Blood pressures and heart rate were measured in unrestrained mice using an implantable telemetry system. (A) Twenty-four hours of data are presented at times indicated on a 24-hour scale; data shown at each point represent 3-hour rolling averages of data sampled each minute. The data showed diurnal variations in mean blood pressure (MBP), mean systolic blood pressure (SBP), mean diastolic blood pressure (DBP), and heart rates in both control (Ctrl) and smTKO mice. smTKO mice showed comparable values at all time points compared to control mice. n = 5 mice per group. Significance was determined by 2-way ANOVA analysis with Bonferroni post-hoc test. Data represent mean ± SEM. (B) Mean values for MBP, SBP, DBP, and heart rates were calculated at peak night (20:00–2:00) and day (8:00–14:00) times. n = 5 mice per group. Significance was determined by 2-tailed, unpaired Student’s t test. Data represent mean ± SEM.

Figure 5. Deletion of IP₃Rs reduced angiotensin II–induced hypertension.
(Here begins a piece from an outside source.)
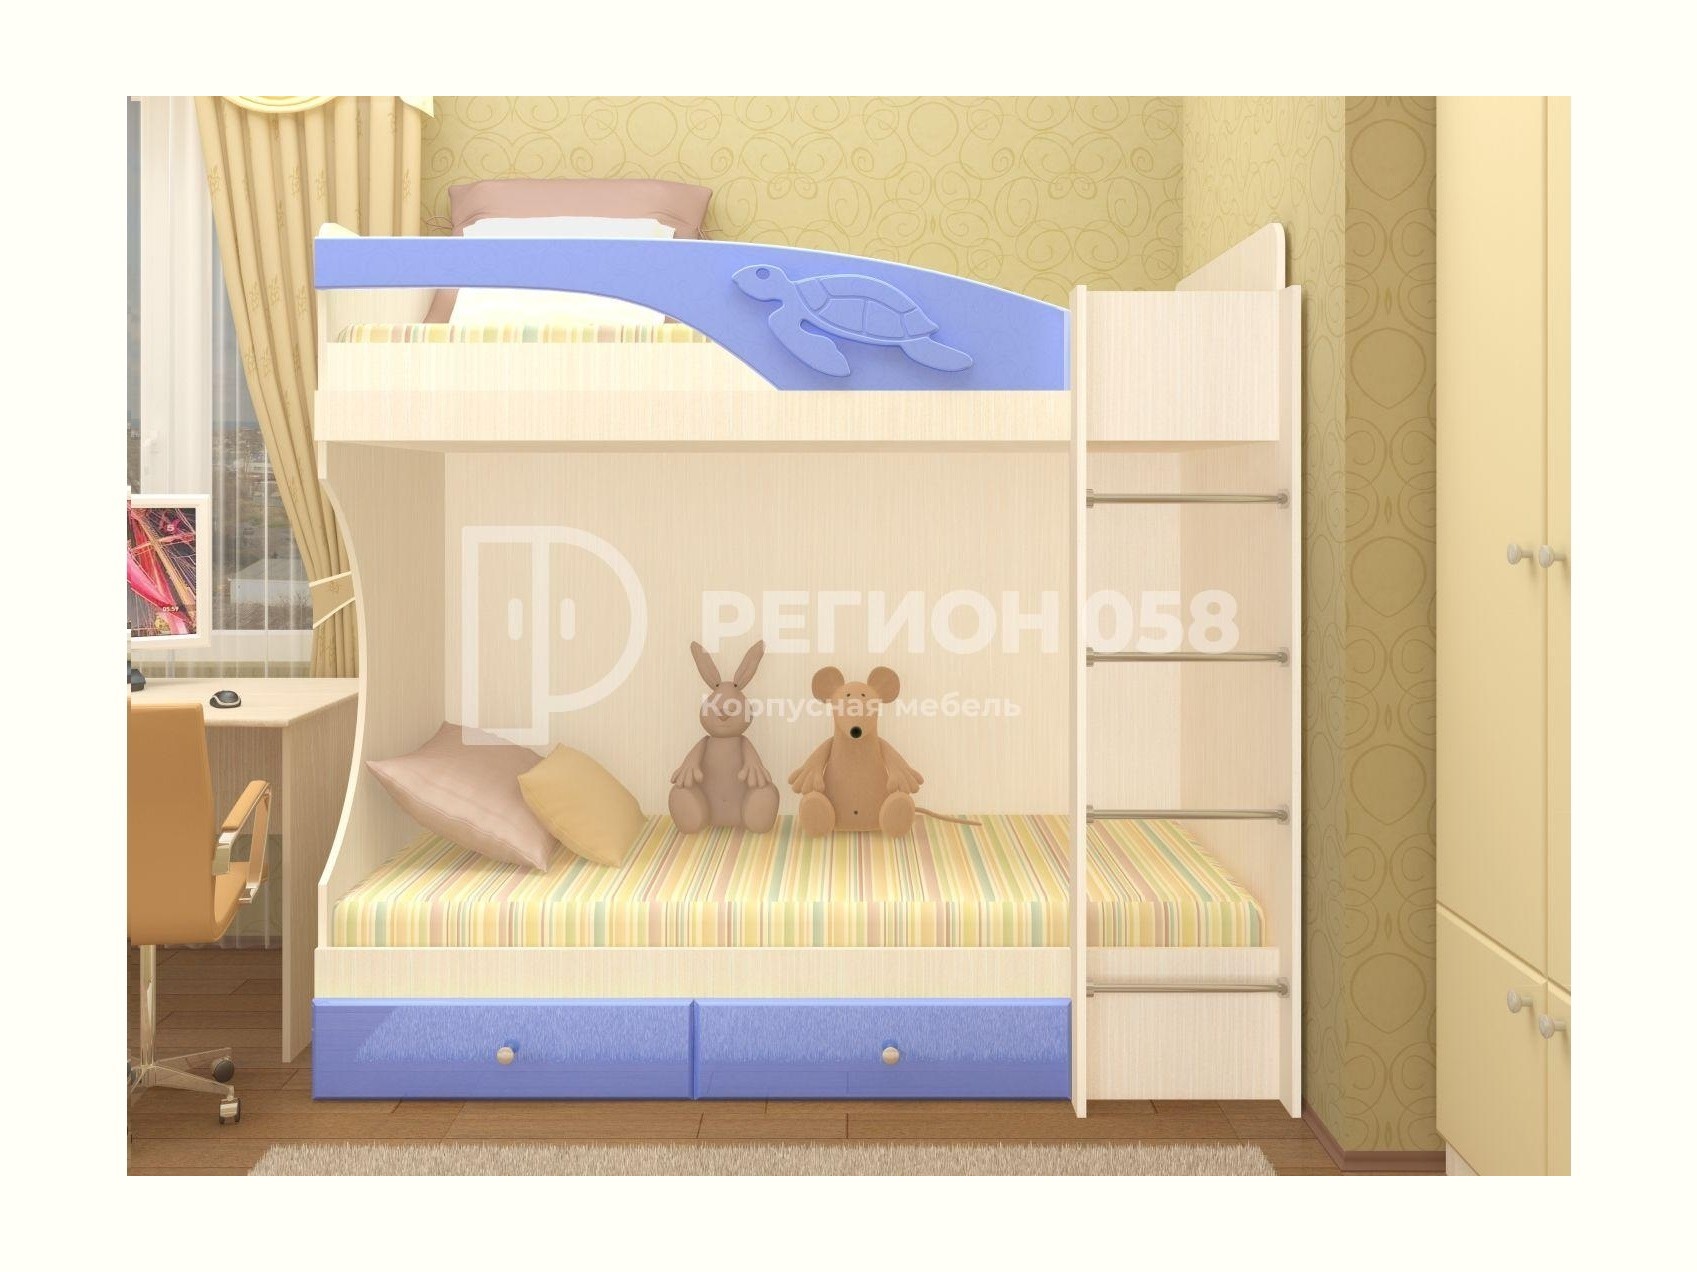 Двухъярусная кровать Бемби МДФ (фасад 3D) (Голубой металлик, шимо светлый) Бежевый двухъярусная кровать бемби 11 мдф голубой металлик ясень шимо светлый бежевый мдф лдсп
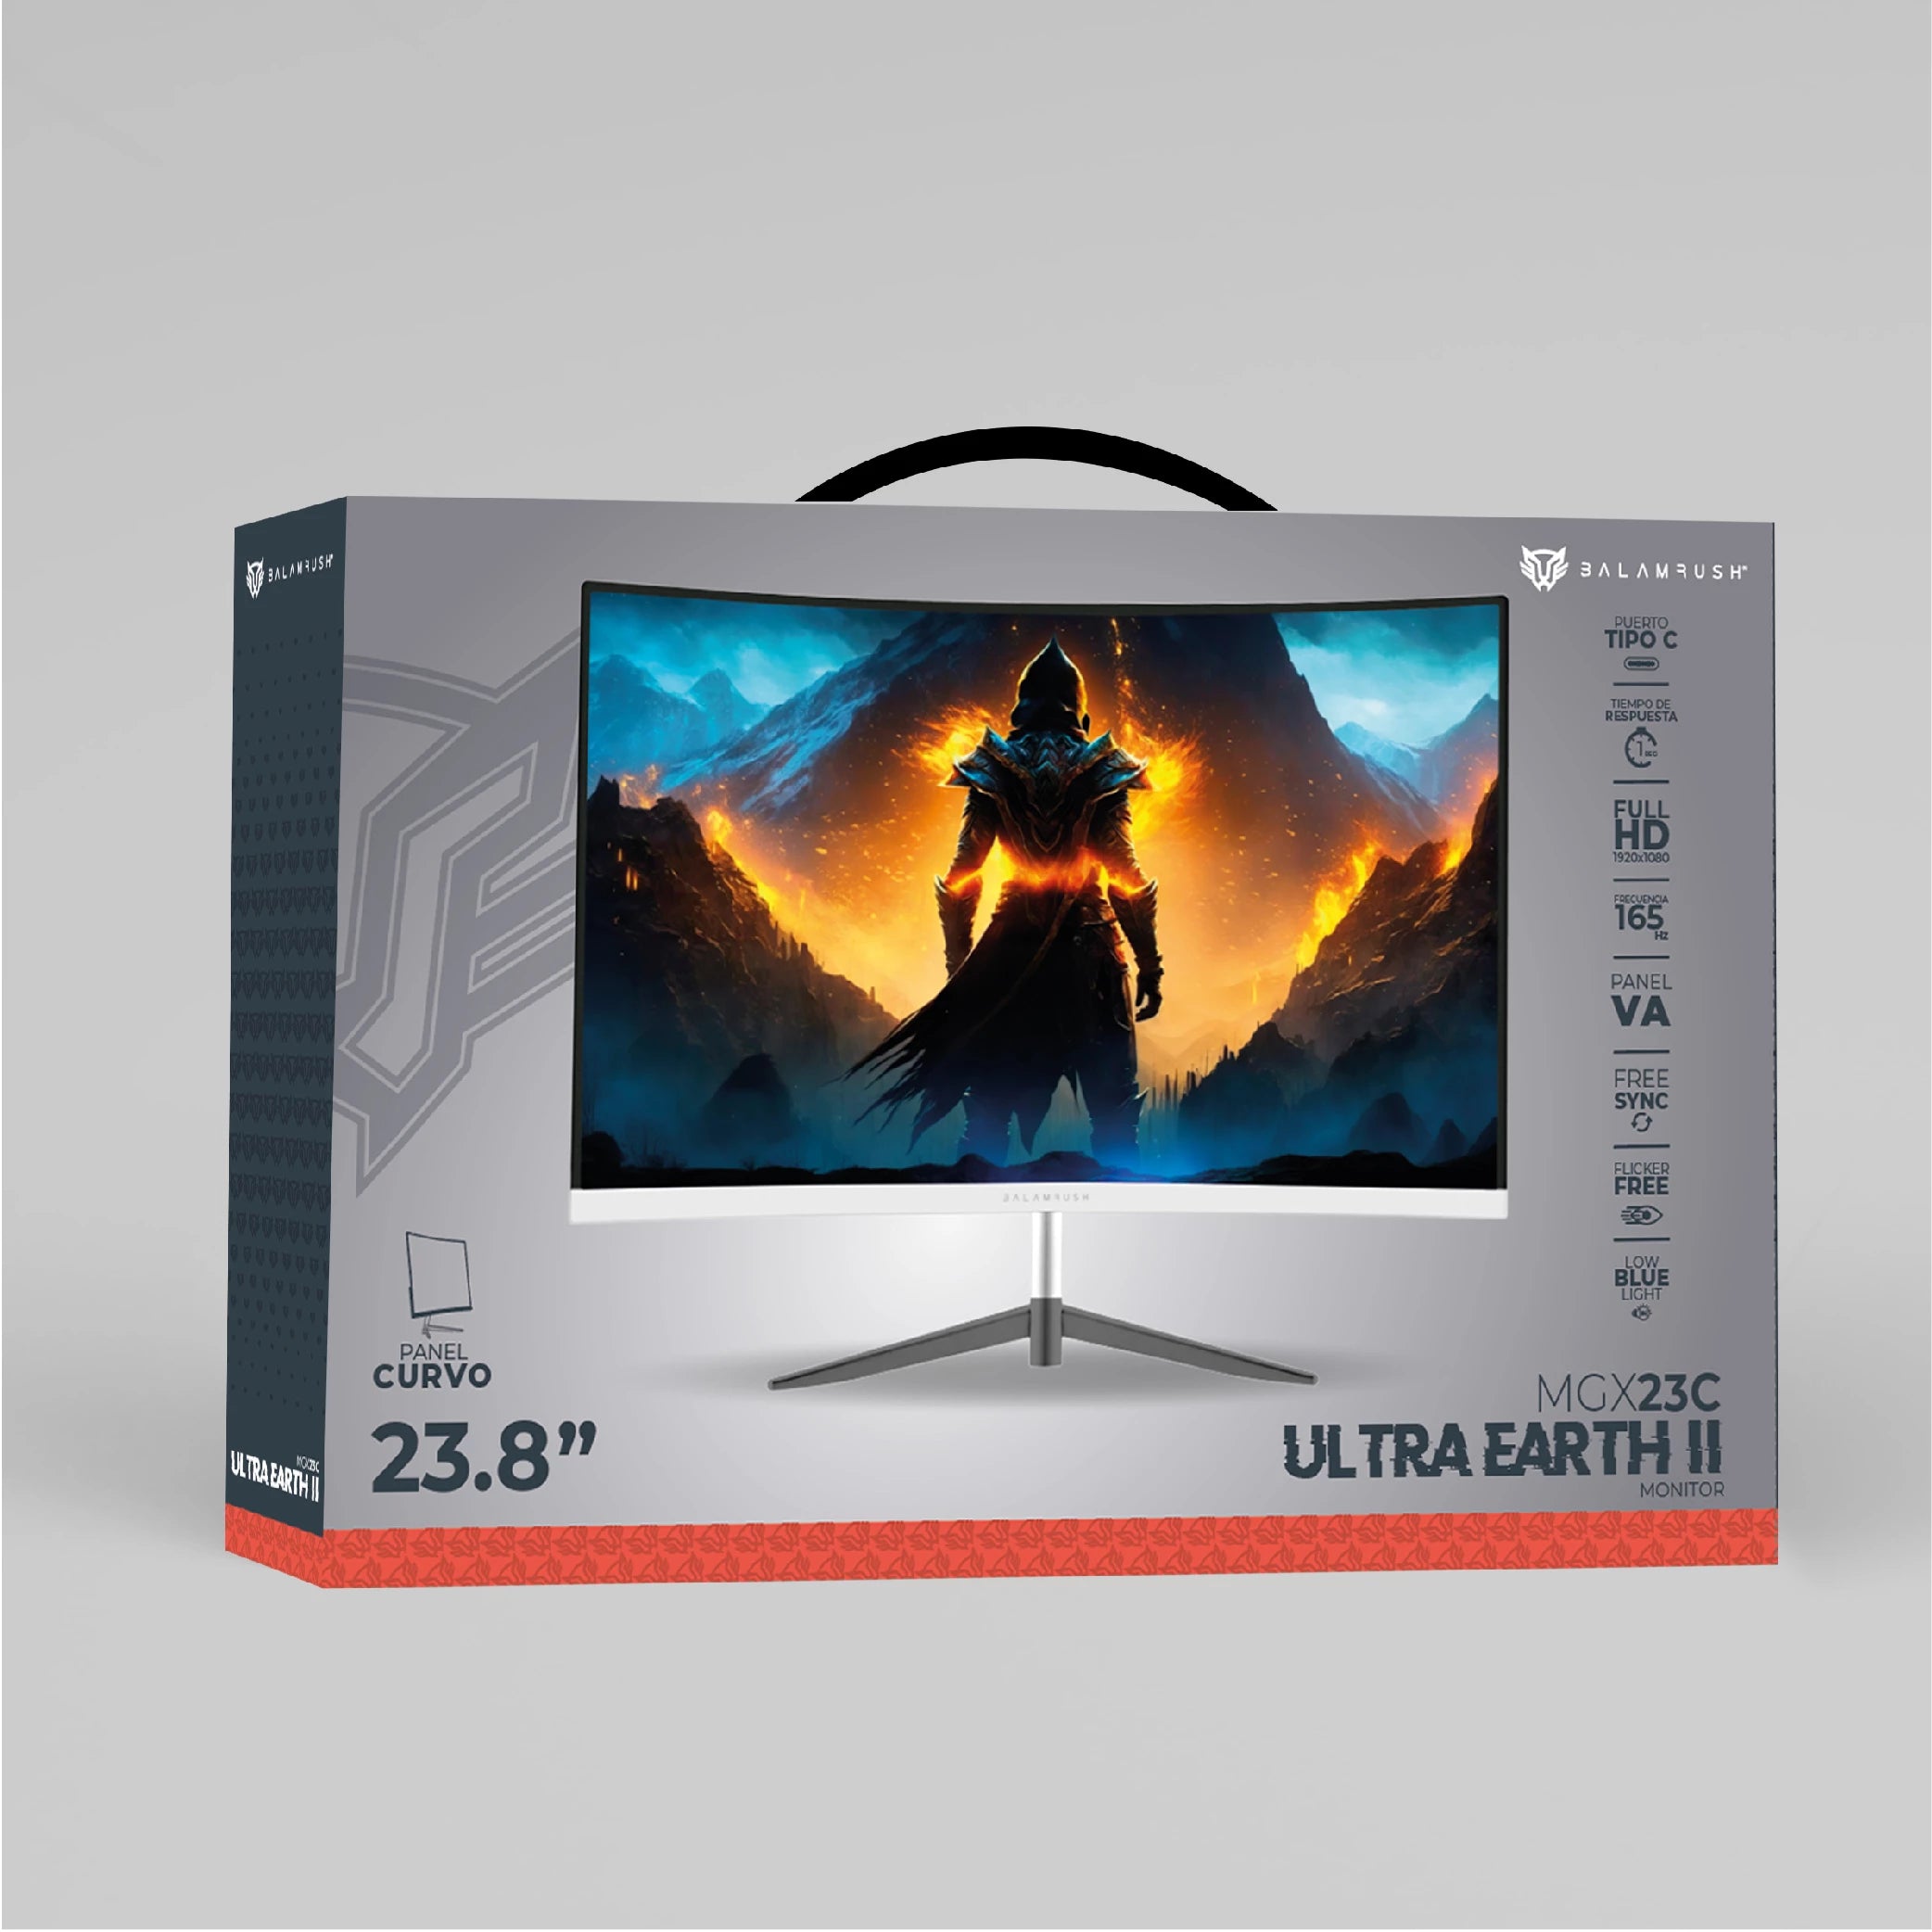 Monitor Gamer Curvo 23.8" Ultra Earth II MGX23C VA + 165Hz + 1ms + Full HD 1080p/HDMI + DP + TYPE-C 15W + 3.5mm + VESA 100 x 100 mm/Blanco

Angiotensin II (AngII) was infused chronically for 21 consecutive days via a subcutaneously implanted osmotic mini-pump, and blood pressure was measured using the tail-cuff system. (A) Systolic blood pressure (SBP) measured in control (Ctrl) and smTKO mice prior to AngII infusion. n = 6 mice per group. Significance was determined by 2-tailed, unpaired Student’s t test. (B) SBP measured at day –1, day 7, day 14, and day 21 after AngII infusion. n = 6 mice per group. Significance was determined by 2-way ANOVA analysis with Bonferroni post-hoc test. *P < 0.05 vs. control. (C) Representative H&E-stained sections of control and smTKO thoracic aortas before (baseline) and after AngII infusion. Scale bar: 20 μm. (D) Vascular remodeling was accessed by measuring wall thickness and the ratio of medial to luminal area. n = 3–6 mice per group. Significance was determined by 2-way ANOVA analysis with Bonferroni post-hoc test. ^##P < 0.01 vs. baseline. Data represent mean ± SEM.